Joining Hands: Navajo Town Makes Sterile Gloves for New York First Responders

The old trading post at Church Rock, New Mexico, the town where I had my first post-college job.

When you have an interest that you pursue on Google, the Google gods remember, and sometimes they surprise you with related news items that pop up on your Google home page.

The Google gods know that I have an interest in a small town named Church Rock (population per 2010 census: 1,128). Church Rock lies in Navajo territory on the outskirts of Gallup, New Mexico.

Google probably doesn’t know (but maybe does) that my interest in Church Rock stems from my having taught in the town my first year out of college, but no matter. Google knew I would be intrigued by an article that came out in the Navajo Times this week. The article’s subject is a nitrile glove factory in Church Rock that is now manufacturing medical gloves and shipping them to health care facilities in the Navajo Nation and other US locales struggling to cope with COVID-19. The locales include my home state of New York. (See Navajo Times article on Navajo glove facility.)

Navajo workers make sterile gloves for the medical front lines in the fight against COVID-19 in Navajoland, New York State and other impacted regions. Photo by Donovan Quintero saved from Navajo Times.

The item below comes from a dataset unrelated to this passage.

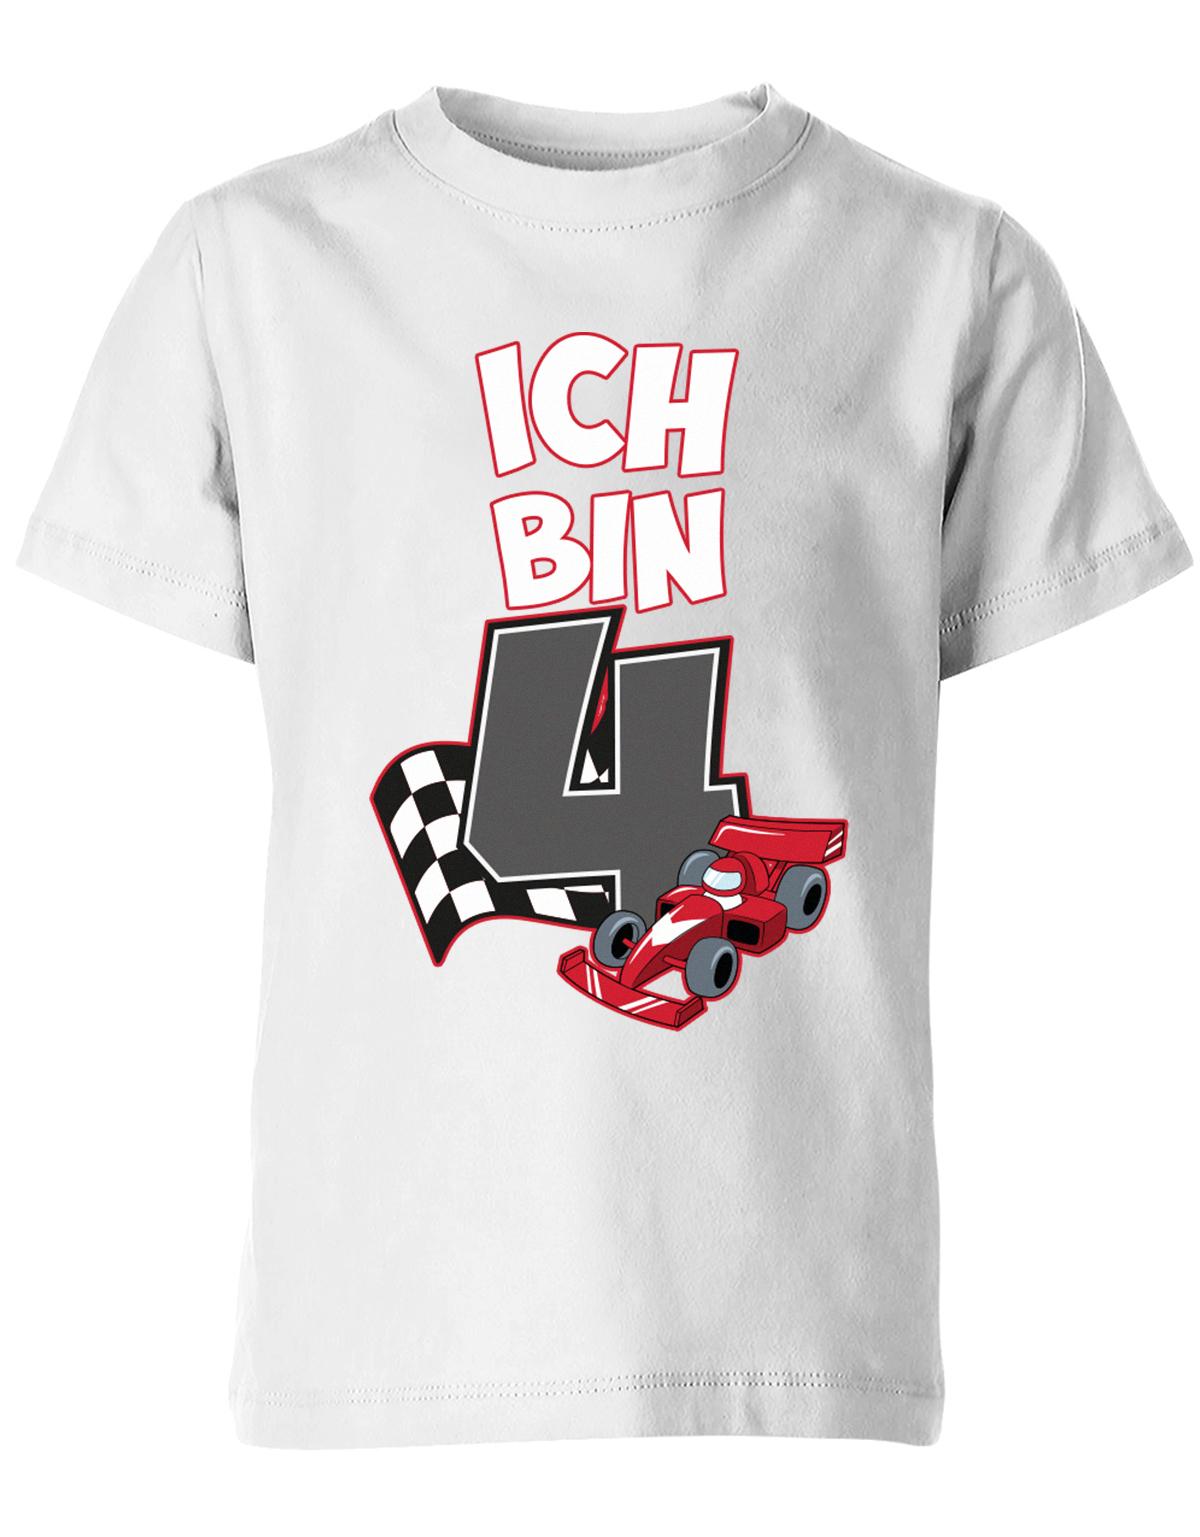 ich-bin-4-autorennen-rennwagen-geburtstag-rennfahrer-kinder-shirt-weiss
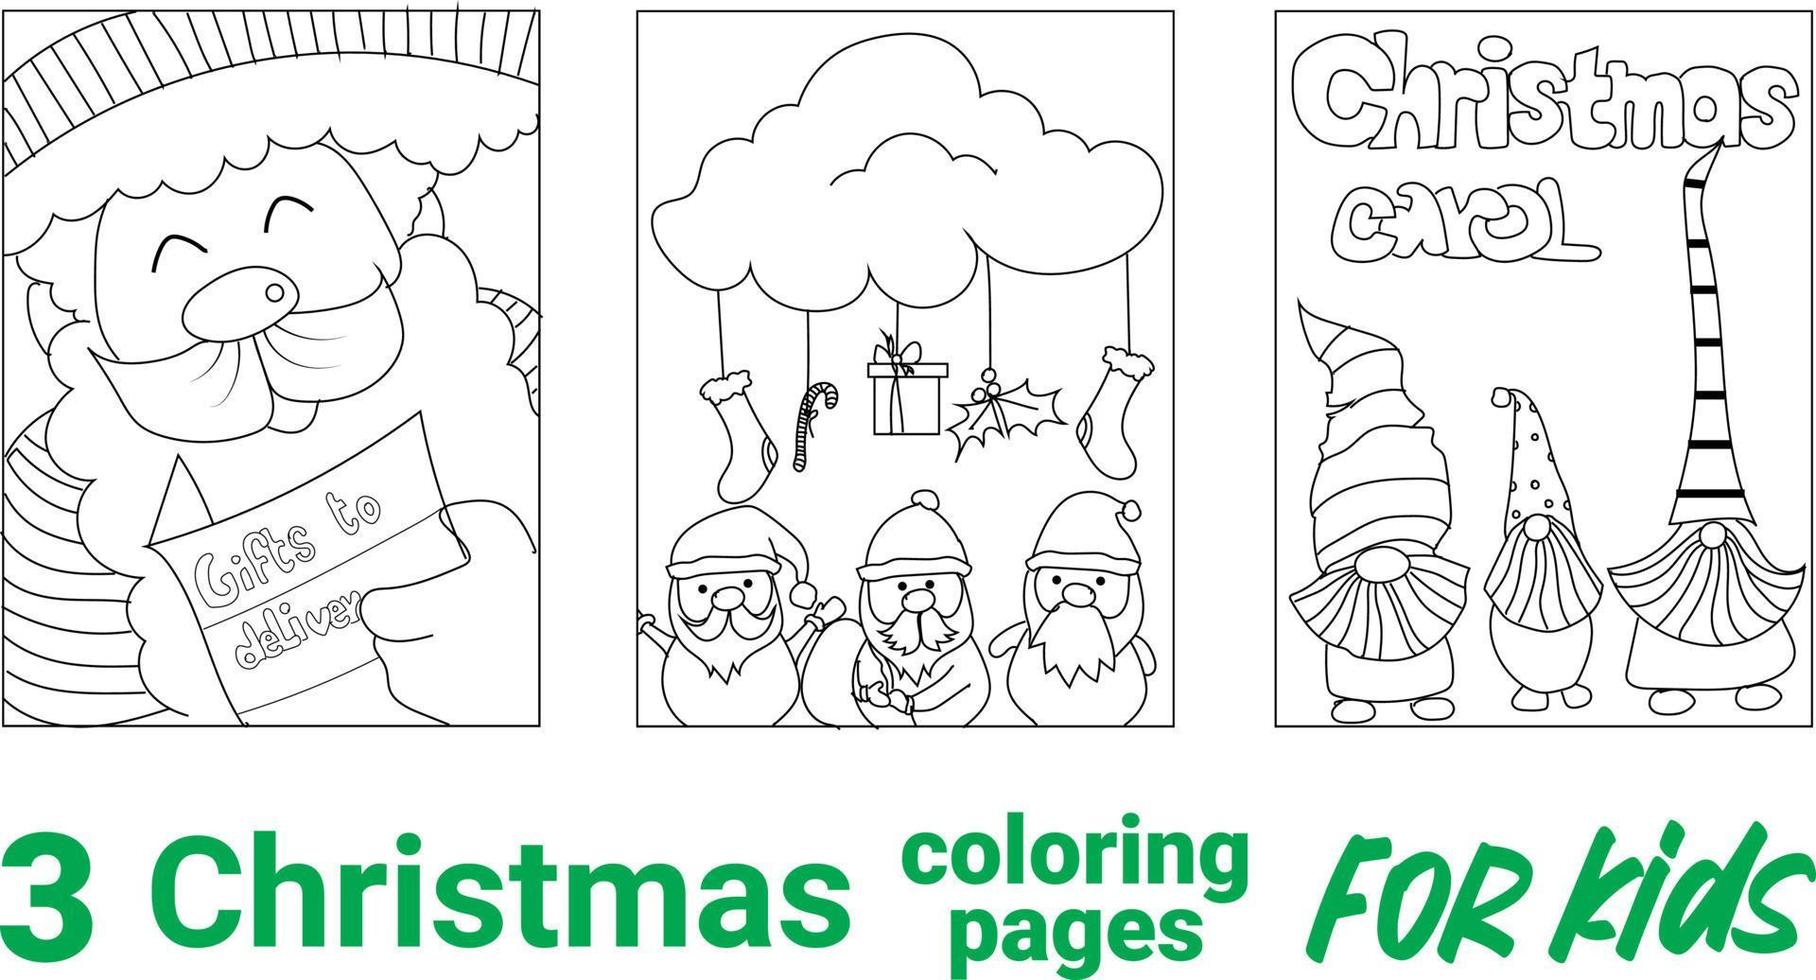 página para colorir de um boneco de neve bonito dos desenhos animados com árvore de natal. ilustração em vetor preto e branco sobre fundo branco.

Phase One of a joint venture between the Navajo Nation and a company called Rhino Health, LLC, is primed to make 60 million pairs of blue nitrile gloves a year. Per the Navajo Times piece by reporter Donovan Quintero, the Church Rock factory is now churning out 8,000 pairs of gloves an hour and running around the clock. They are striving to keep up with demand while dealing with a shortage of raw material. (Materials have to be shipped from South Korea, home of Rhino Health’s parent company.)

If gloves could talk: In the Beatles’ 1968 film Yellow Submarine, a blue glove (once a weapon on the side of evil) learns how to join hands in the fight against destruction.

When Phase Two is completed, adding significantly more manufacturing space, Church Rock will be generating 1.3 billion pairs of blue sterile gloves a year for medical use.

Because of the Navajo Times article, I Googled keywords “nitrile” and “Church Rock” and found that in 2018, about two years before anyone had ever heard of COVID-19, the Navajo Nation invested $19 million for Rhino Health LLC to build its Church Rock facility that will eventually employ 350 Navajo workers (the state of New Mexico kicked in another $3 million).

News about the Navajo-Rhino Health joint venture was reported in the Albuquerque Journal, and later in the Navajo-Hopi Observer, but never leaked beyond regional boundaries. In the event other media don’t report how Navajo workers in Church Rock are helping first responders face the battle against the virus by providing protective gloves, I feel compelled to leak it here.

The “Church Rock” that gives the town its name. When I first saw the rock formation when I arrived as a teacher, I thought it looked more like a hand than a church. And while America paid no attention when the town encountered devastation from a uranium mine accident forty years ago, Church Rock is now really lending a hand in the COVID-19 crisis. Photo from TripAdvisor credited to 44dave56.

You may not know this about the Navajo town of Church Rock, but in July 1979, a few months after the famous Three Mile Island nuclear incident, Church Rock suffered a devastating radioactive contamination event courtesy of the United Nuclear Mine Corporation.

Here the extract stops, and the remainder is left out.